[Exercise details] Nothing but the pictures may be dropped; the rest of the listing is to be written out exactly.

[Recorded information]
* * * * * * *

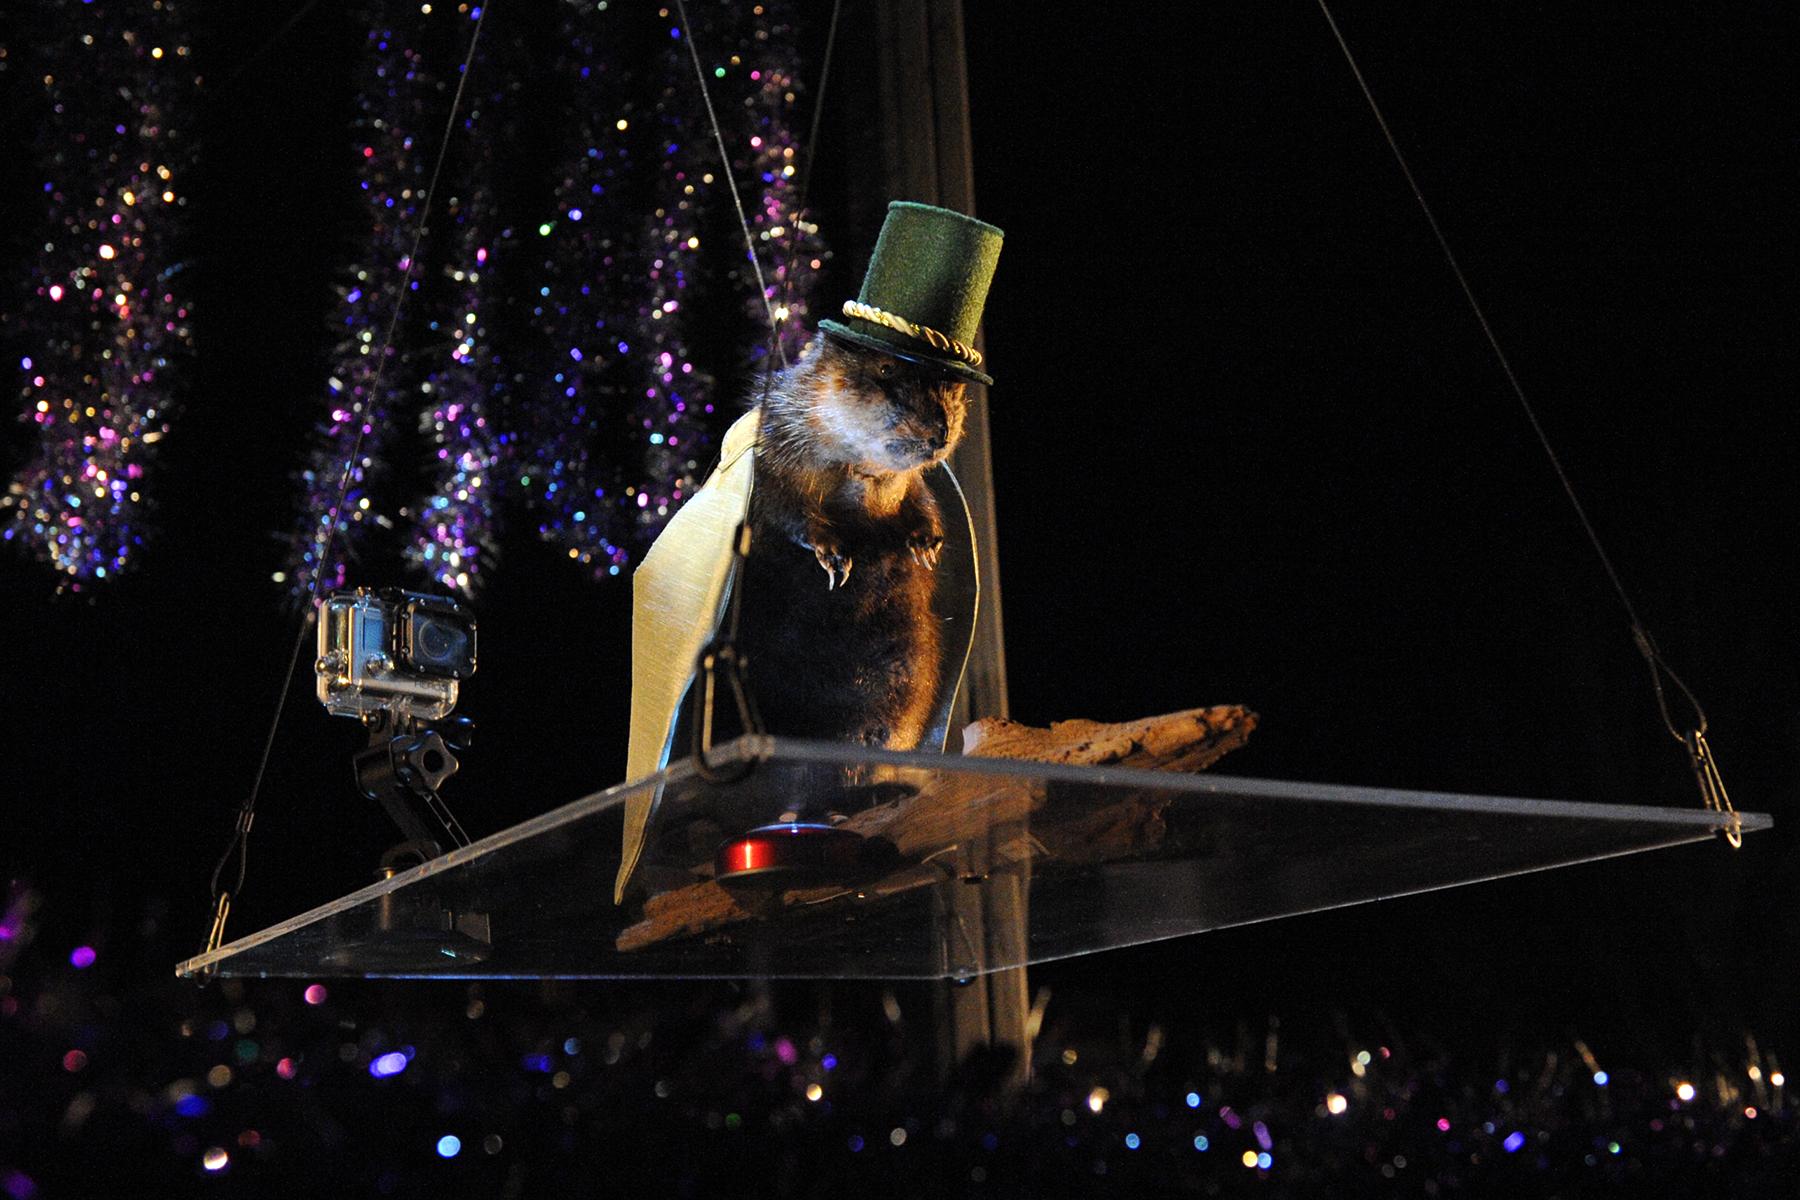 Marshall Muskrat on New Year's Eve
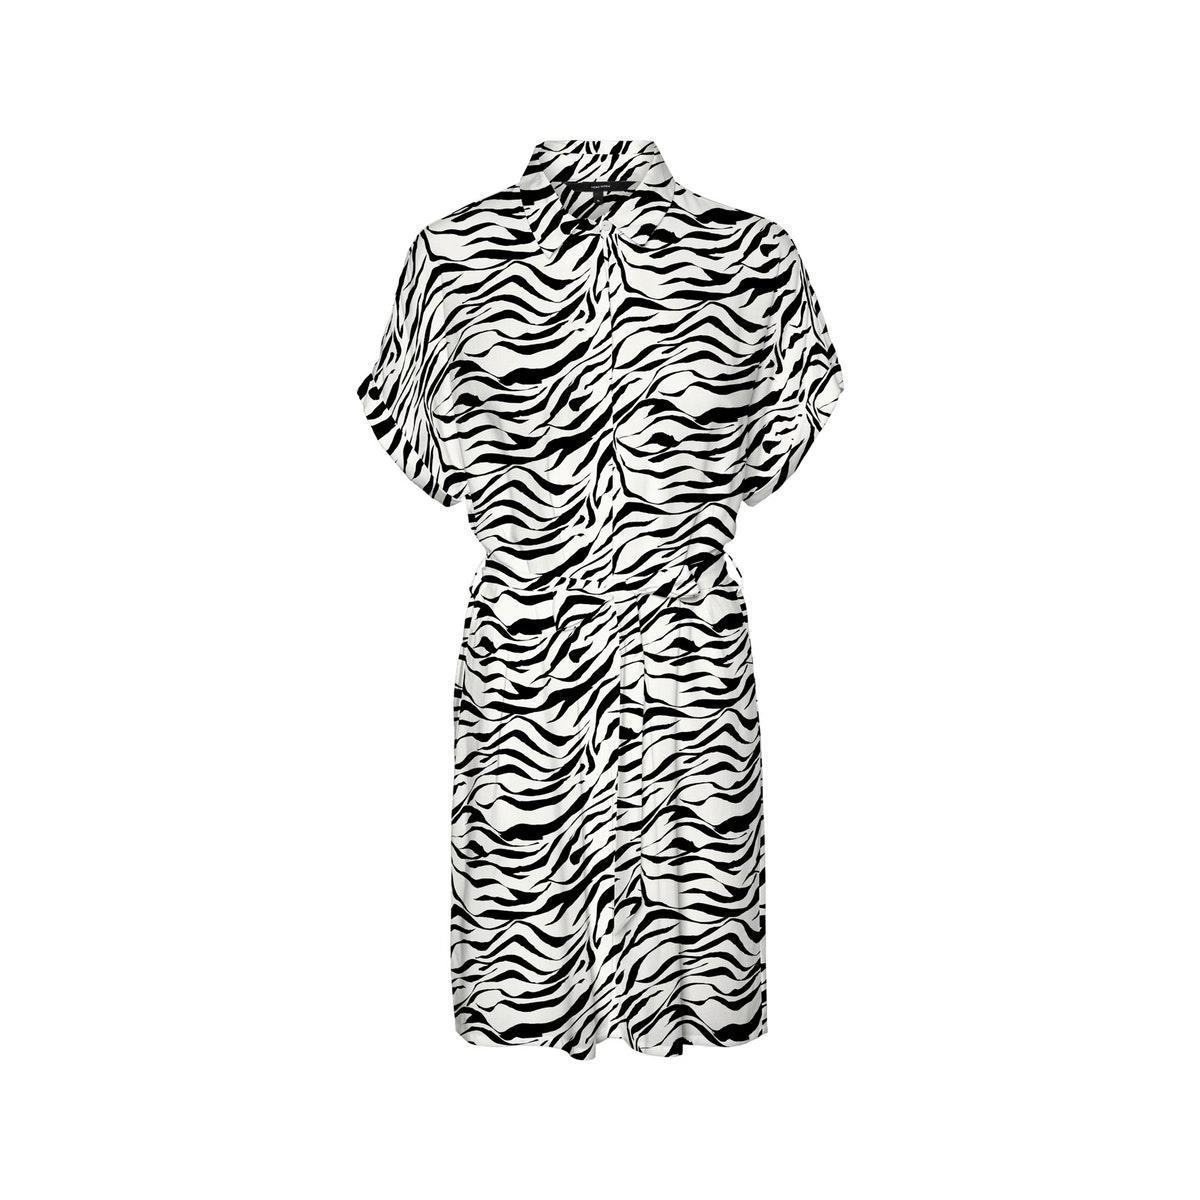 vmsimply easy s/s shirt dress wvn g 10227837 vero moda jurk black/zanzana
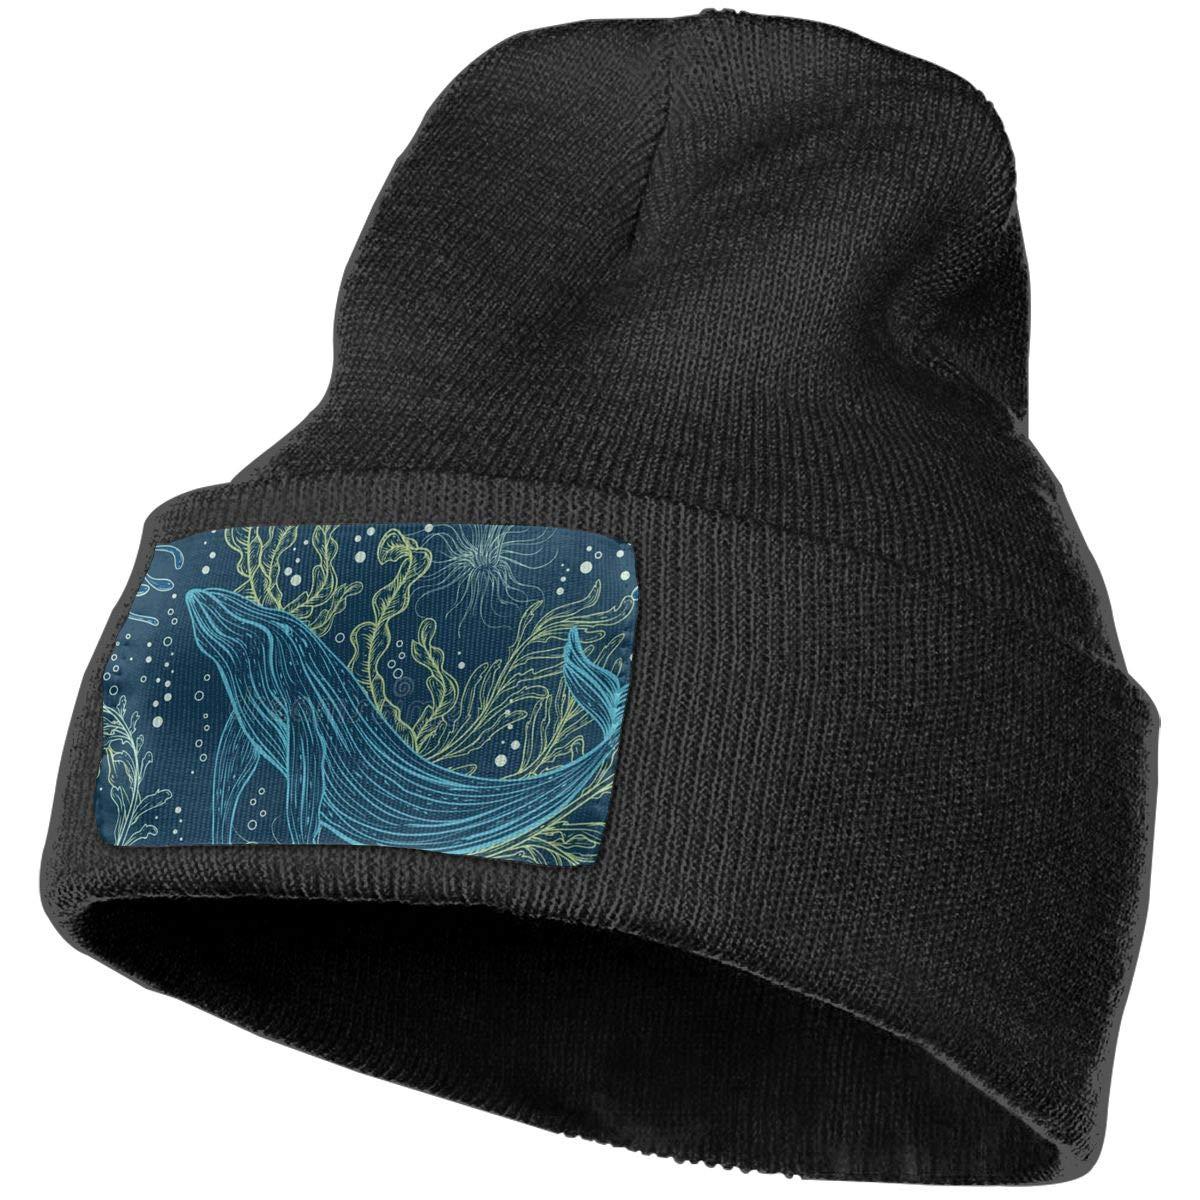 Ruin Blue Whale Fashion Knitting Hat for Men Women 100/% Acrylic Acid Mas Beanie Hat

* * * * * * *

[Task solution]
 Marshall Muskrat on New Year's Eve
 vmsimply easy s/s shirt dress wvn g 10227837 vero moda jurk black/zanzana
 Ruin Blue Whale Fashion Knitting Hat for Men Women 100/% Acrylic Acid Mas Beanie Hat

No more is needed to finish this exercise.